When specifying a method like twice() that modifies the program state, it is the frame condition (the assigns clause) that tells what part of the program state is modified. Any particular (model) field or array element can be checked to see if it is part of the changed state. If not, the verification system knows that that field was not changed by the method call.

The example code above uses model methods instead of model fields. So in the test() routine, how is it known that polygon.sides() does not change value upon the call of twice() and that polygon.longestSide() does change? The answer is the reads clause; this clause states what fields a method reads or depends on. The content of the reads clause may be a model field.
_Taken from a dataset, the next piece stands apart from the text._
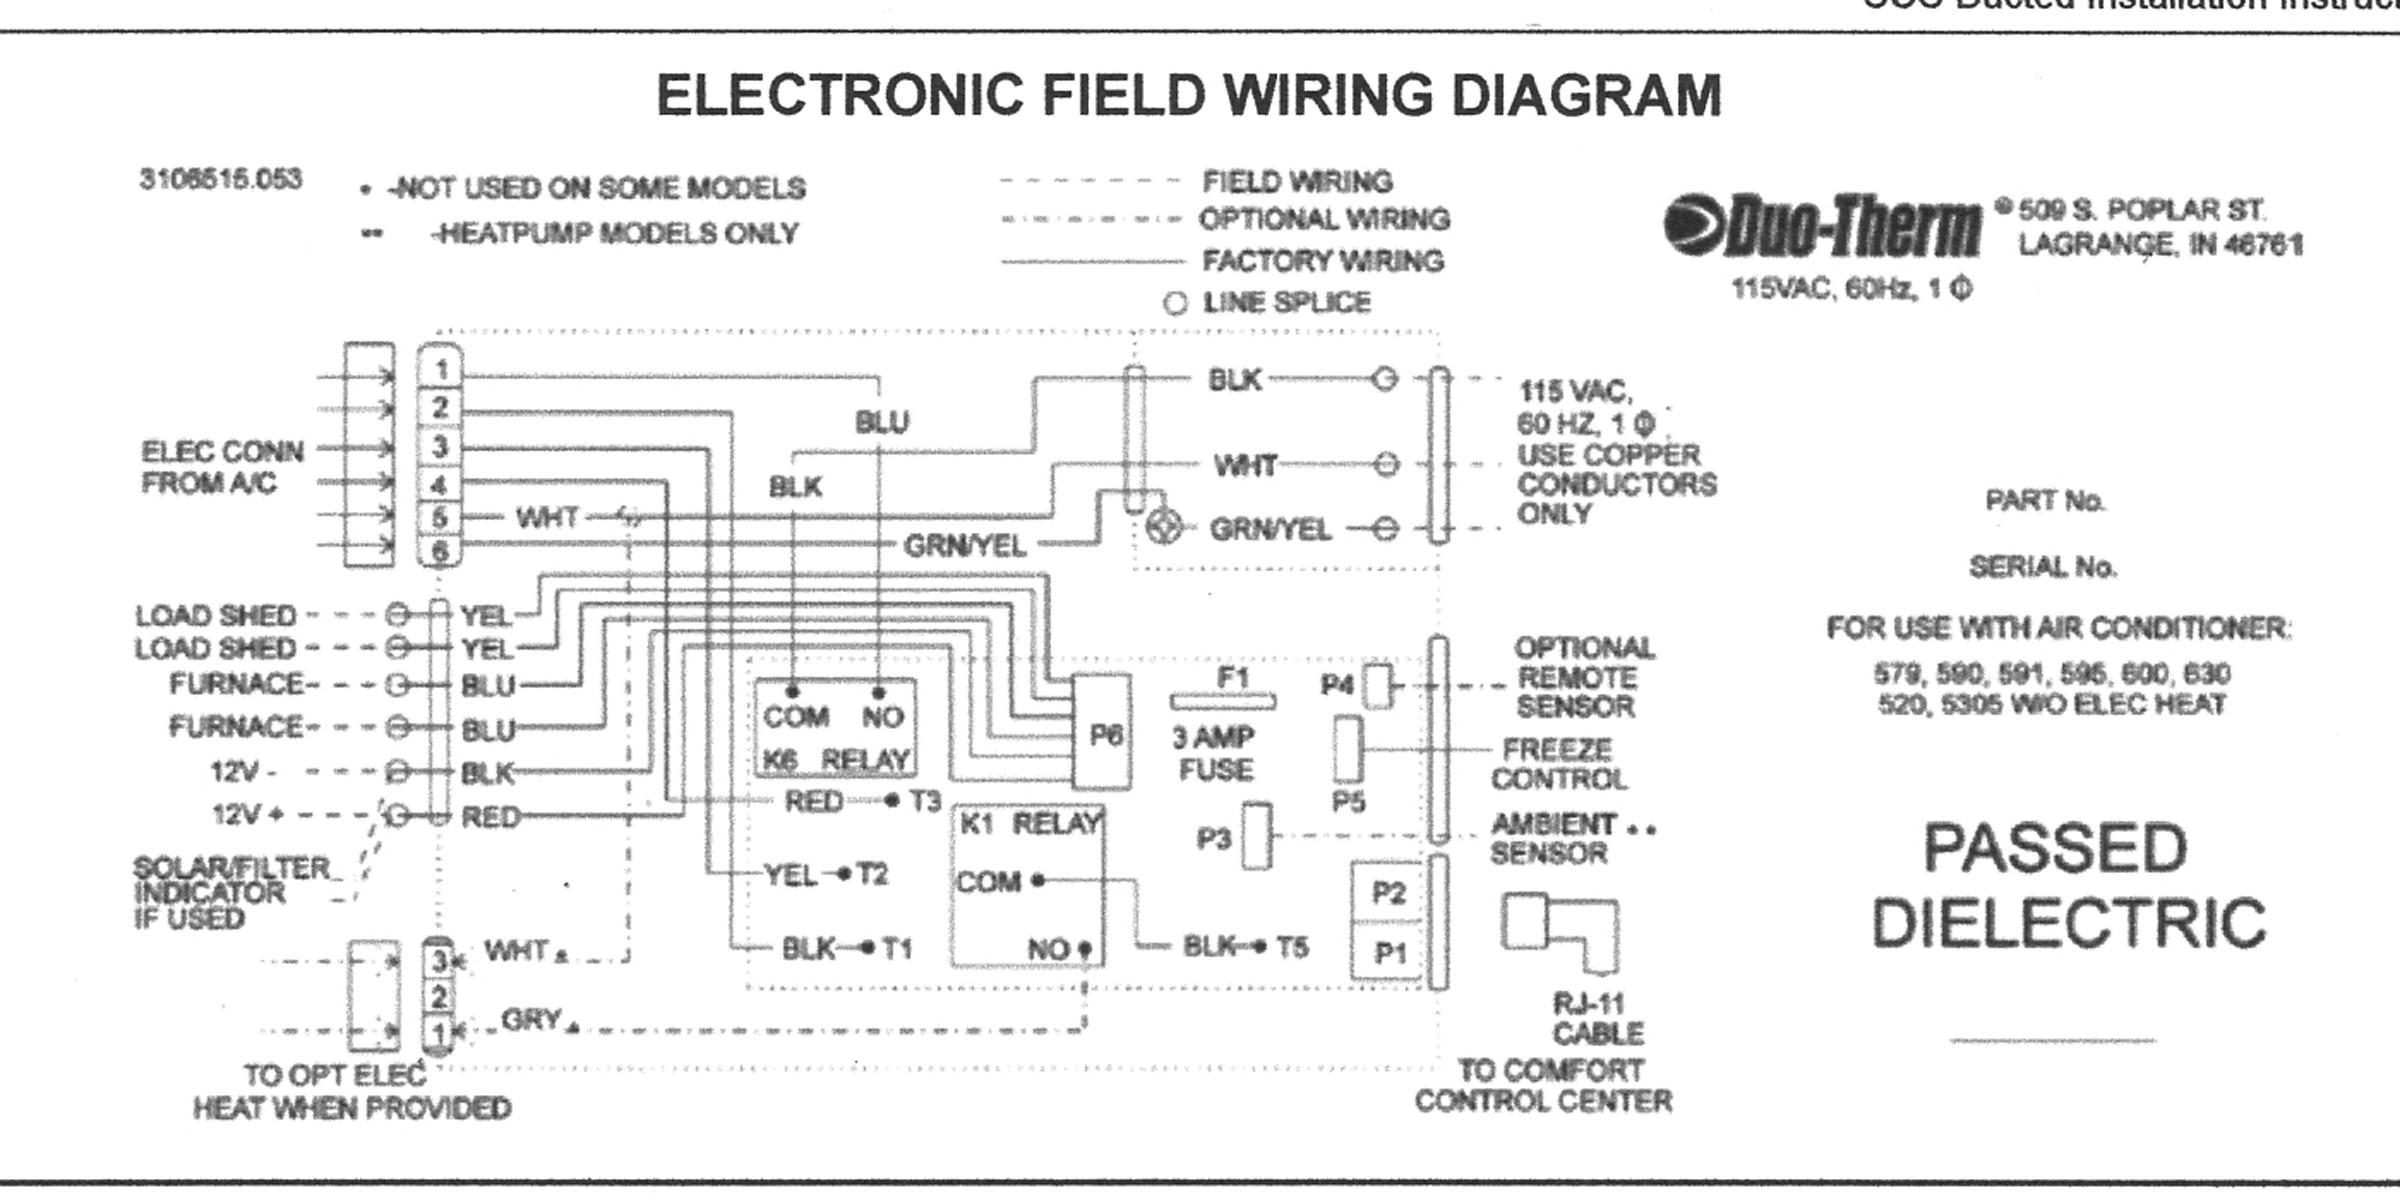 Thermostat Wiring Diagram Air Conditioner Reference Thermostat - Air Conditioner Thermostat Wiring Diagram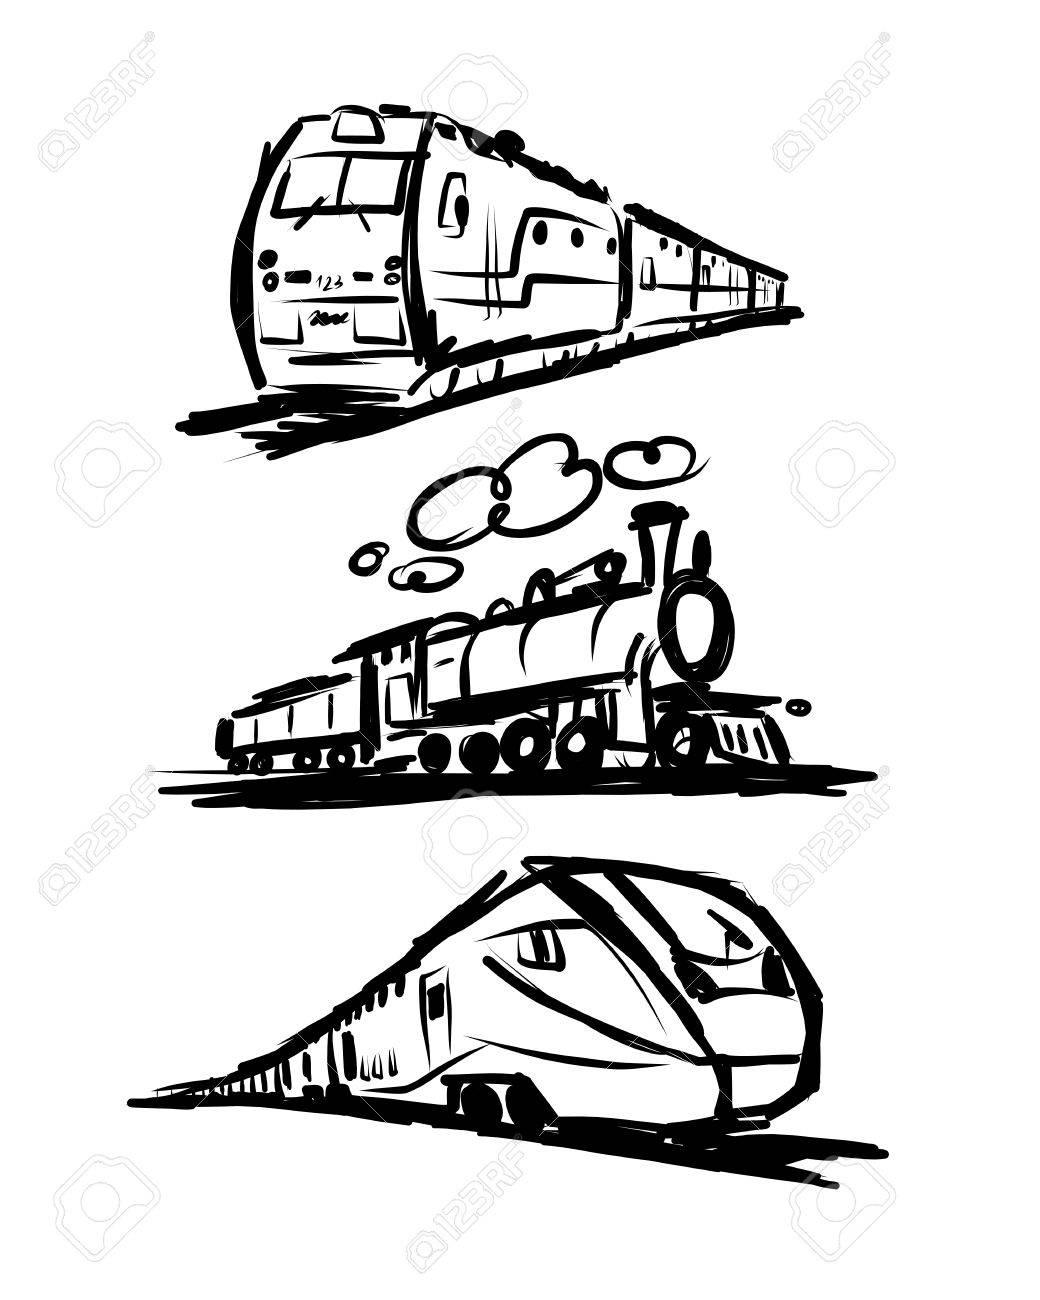 Speed train, sketch for your design. Vector illustration - 56543936

Note that twice() assigns to allSides and longestSide() reads allSides. So the value of longestSide() might well be changed by the call of twice() (though not necessarily). But sides() reads the model field numSides, which is not assigned by twice(), so its value does not change.

helper methods

A helper method is one that does not assume that the object’s invariants hold (cf. the lesson on invariants), nor does it ensure that they hold after returning. Methods used in invariant clauses need to be helper methods because otherwise there would be unending recursive calls to check if the invariants are all true. The disadvantage of being a helper method is that sometimes additional pre- or postconditions are needed to assume or assert properties that are otherwise part of the object’s invariants.